John Jones saw the yellow police tape that wrapped around a back area of Elsie Allen High School and immediately knew that something was wrong. He stopped his car and got out, asking the police for details, worried sick after reporting his grandson missing the night before. "When you see that tape," he says, nearly two months later, "you think somebody must've died."
But Jones' 17-year-old grandson wasn't dead. Seriously injured and lying in a hospital bed, he'd been beaten in an altercation during which he'd helped send three and possibly four police officers to the hospital with minor injuries. Jones picked up his wife and drove straight to Santa Rosa's Memorial Hospital, unprepared for the sight of their grandson lying sedated and tied to a gurney with two police guards standing over him.
"He looked like he had been dragged across the asphalt, road rash from his face to his chin," says Kathy Parkinson-Jones, the teen's grandmother. When she touched his arm, it was swollen and hard from nerve damage. His kidneys were failing. "He was beaten so badly," she says, "that the toxins overloaded his kidneys and liver."
On Sunday evening, a doctor sat down with Parkinson-Jones and said that her grandson was in critical condition and that he might not survive. Friends were turned away from visiting the injured teen. The grandparents—the teen's legal guardians—had to use a code word at the visitor's desk to get into his room.
After three weeks of hospitalization, the boy has been recuperating at home, free from the dialysis that marked the days following the incident. But questions remain about what exactly happened that night behind the high school. Despite multiple requests, the minor's legal guardians have been unable to obtain a copy of the police report, forcing them to wonder why the police hit the teen with strength enough to cause kidney failure; why the missing persons report was unchecked, even though it was filed at 1:30am, nearly three and a half hours before the incident; and why the Press Democrat reported that a knife had been drawn ("Teen pulls knife on officers during Santa Rosa altercation"), when a detective on the case told them that it fell out when the teen's hands were forced from his pockets. "They've been dragging their feet and telling us different things," Jones says.

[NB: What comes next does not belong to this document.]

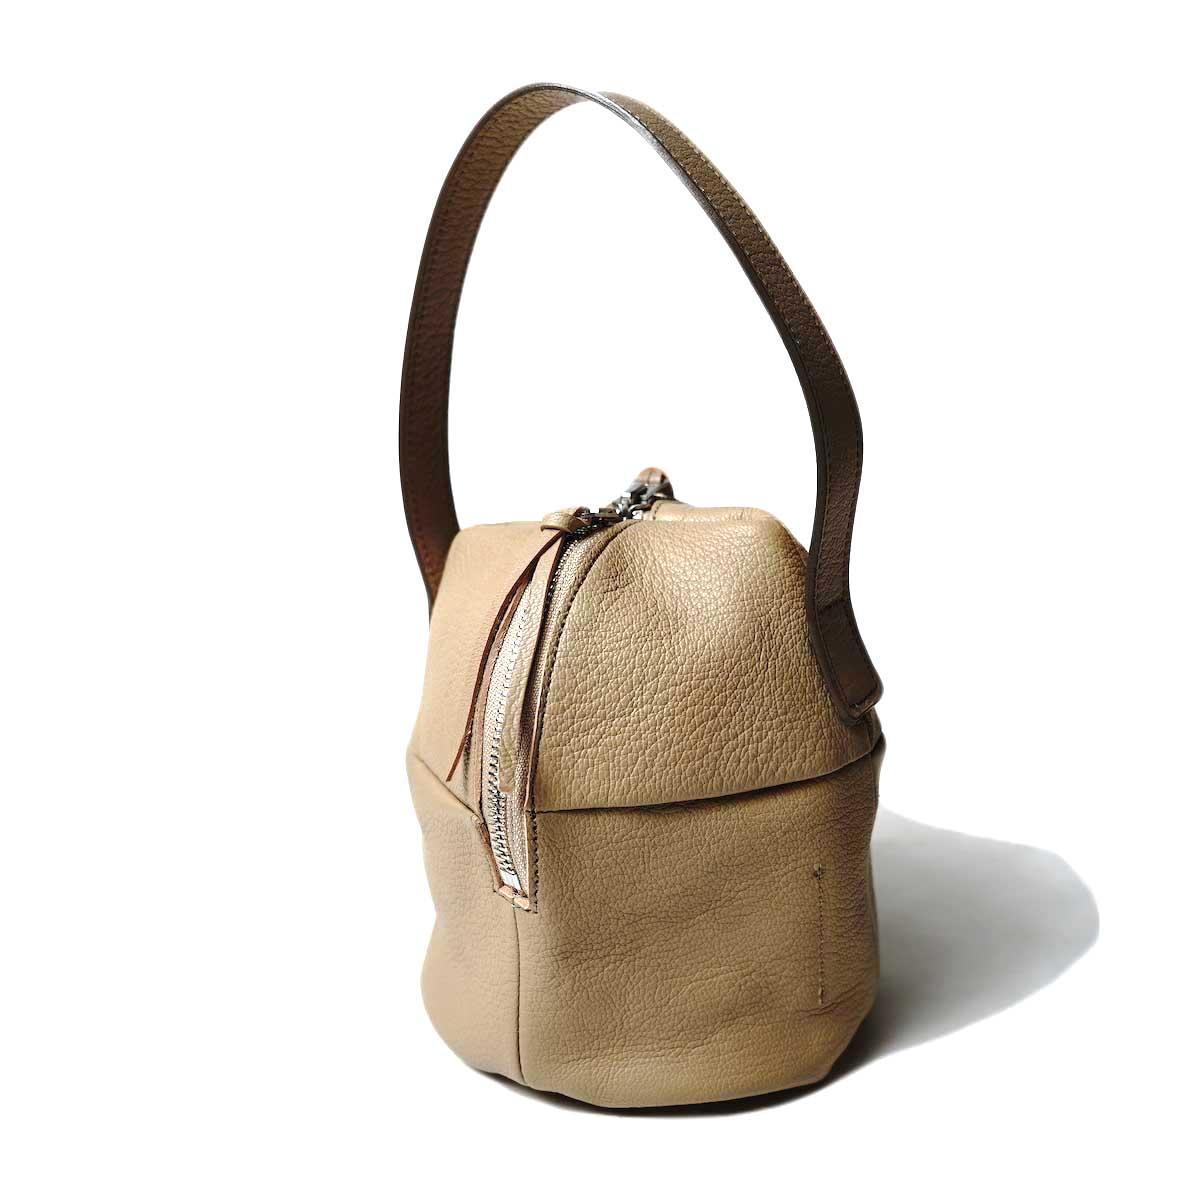 MYTHINKS / MY MINI DUFFLE BAG GOAT -Small- (Beige)

At this point, the family may have to take legal action to get the answers. They are currently consulting with a lawyer and gathering evidence for a possible police-brutality case. In the meantime, an internal criminal investigation is underway, headed by Sgt. Steve Fraga of the Santa Rosa Police Department's violent crime investigations team. The findings will be delivered to the district attorney upon completion, but when, exactly, is unclear; at press time, repeated calls to Sgt. Fraga had gone unanswered.
According to Jones and his wife, their grandson was possibly having a "break with reality," disoriented and trying to find a way home on the night before March 31. At approximately 5am, an area resident called police to report a "suspicious subject" yelling at passing cars, walking on the caller's porch while talking loudly and, at one point, throwing an object at a passing car. The police say that the African-American teen was "uncooperative and noncompliant with officers' requests for identification," but at least one witness is saying that they heard the teen say, "I did what you told me, what do you want?," according to Jones. Two sheriff's deputies and additional police officers were called in for backup, totaling at least six officers on the scene, according to a police press release.
With no independent civilian review board in Sonoma County, the process of getting the facts from the SRPD and the Sonoma County Sheriff will potentially pose a challenge. "The police are saying one thing. The neighbors are saying one thing. And our grandson is saying another thing," Jones says, clearly frustrated.
Now, the teen spends his days in home school, unable to graduate with his 2011 class. He rides with his grandmother to doctor appointments, takes high blood pressure pills and gathers the energy to play rugby again. The police have yet to return his cell phone or his wallet, and he still has pain from the incident in his fingers, which may have some nerve damage.
As the family search for answers to how their grandson went from a missing person to a dangerous suspect in the course of a few minutes, their disillusionment grows.
"The police are supposed to be protectors," says Parkinson-Jones, adding that she's trusted law enforcement for over 50 years. "They blew that all to hell as far as I'm concerned."
For his part, Jones says that if his grandson were white, things would have turned out much differently. "As far as the beating, race had a part of it," says Jones, evoking the high-profile killing of Jeremiah Chass, who was shot 11 times by officers, beaten and stripped in 2007. "Coming from the history that I know about and the problems that African Americans have in this town, it's not surprising what happened to my grandson."
The family's legal action, says Jones, is meant not to avenge their son's injuries, but to "stop the cycle." He adds that he doesn't want other teens to go through what his grandson went through. "He came pretty close to getting killed," Jones says, "just for trying to get home."